In general, you don’t have to view or manipulate the files in .git. These “hidden” files are considered part of Git’s plumbing, or configuration. Git has a small set of plumbing commands to manipulate these hidden files, but you will rarely use them.

Initially, the .git/objects directory (the directory for all of Git’s objects) is empty, except for a few placeholders:

$ find .git/objects

.git/objects
.git/objects/pack
.git/objects/info

Let’s now carefully create a simple object:

$ echo "hello world" > hello.txt
$ git add hello.txt

If you typed “hello world” exactly as it appears here (with no changes to spacing or capitalization), your objects directory should now look like this:

$ find .git/objects
.git/objects
.git/objects/pack
.git/objects/3b
.git/objects/3b/18e512dba79e4c8300dd08aeb37f8e728b8dad
.git/objects/info

All this looks mysterious. But it’s not, as the following sections explain.
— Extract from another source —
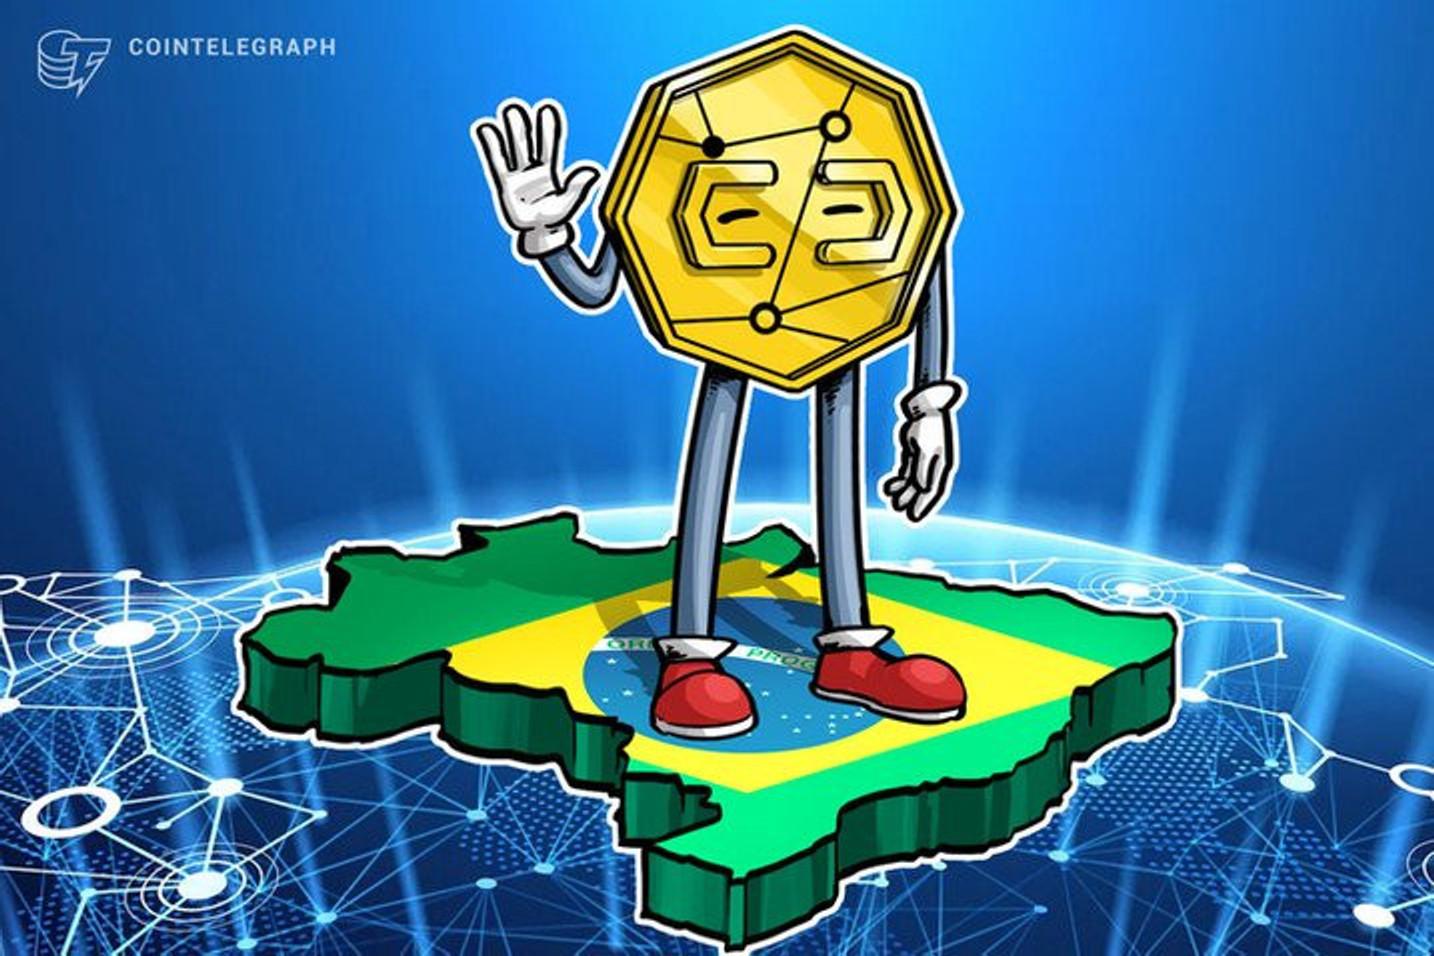 Carteira de criptomoedas descentralizada da Status chega ao Brasil prometendo integrar brasileiros a DeFi e Dapps
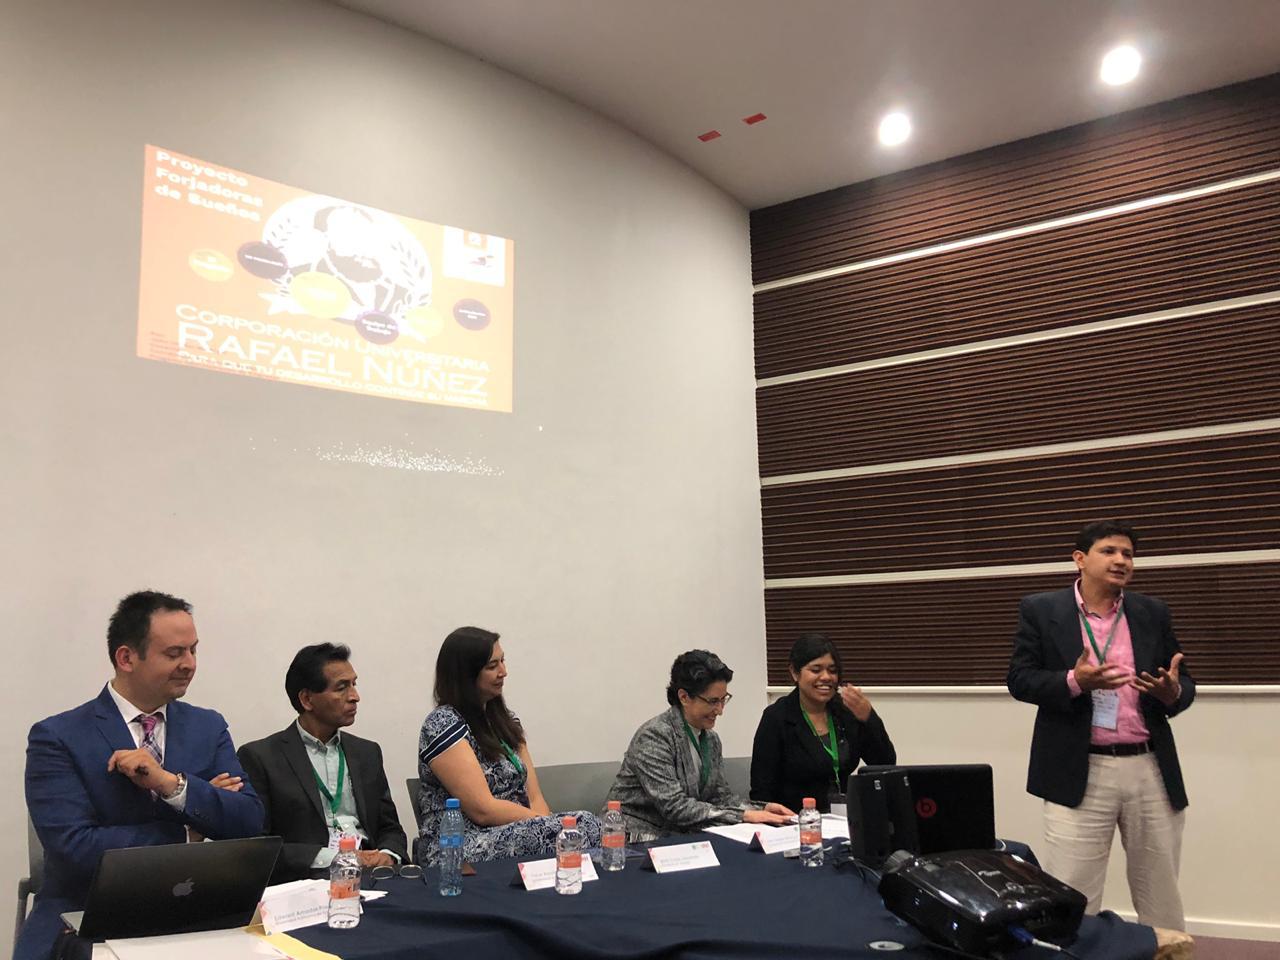 Programa de Administración de Empresas Presente en la XXVI Congreso Anual AMPEI 2018

Objects, Hashes, and Blobs

When it creates an object for hello.txt, Git doesn’t care that the filename is hello.txt. Git cares only about what’s inside the file: the sequence of 12 bytes that represent “hello world” and the terminating newline (the same blob created earlier). Git performs a few operations on this blob, calculates its SHA1 hash, and enters it into the object store as a file named after the hexadecimal representation of the hash.

How Do We Know a SHA1 Hash Is Unique?

There is an extremely slim chance that two different blobs yield the same SHA1 hash. When this happens, it is called a collision. However, SHA1 collision is so unlikely that you can safely bank on it never interfering with our use of Git.

SHA1 is a cryptographically secure hash. Until recently there was no known way (better than blind luck) for a user to cause a collision on purpose. But could a collision happen at random? Let’s see.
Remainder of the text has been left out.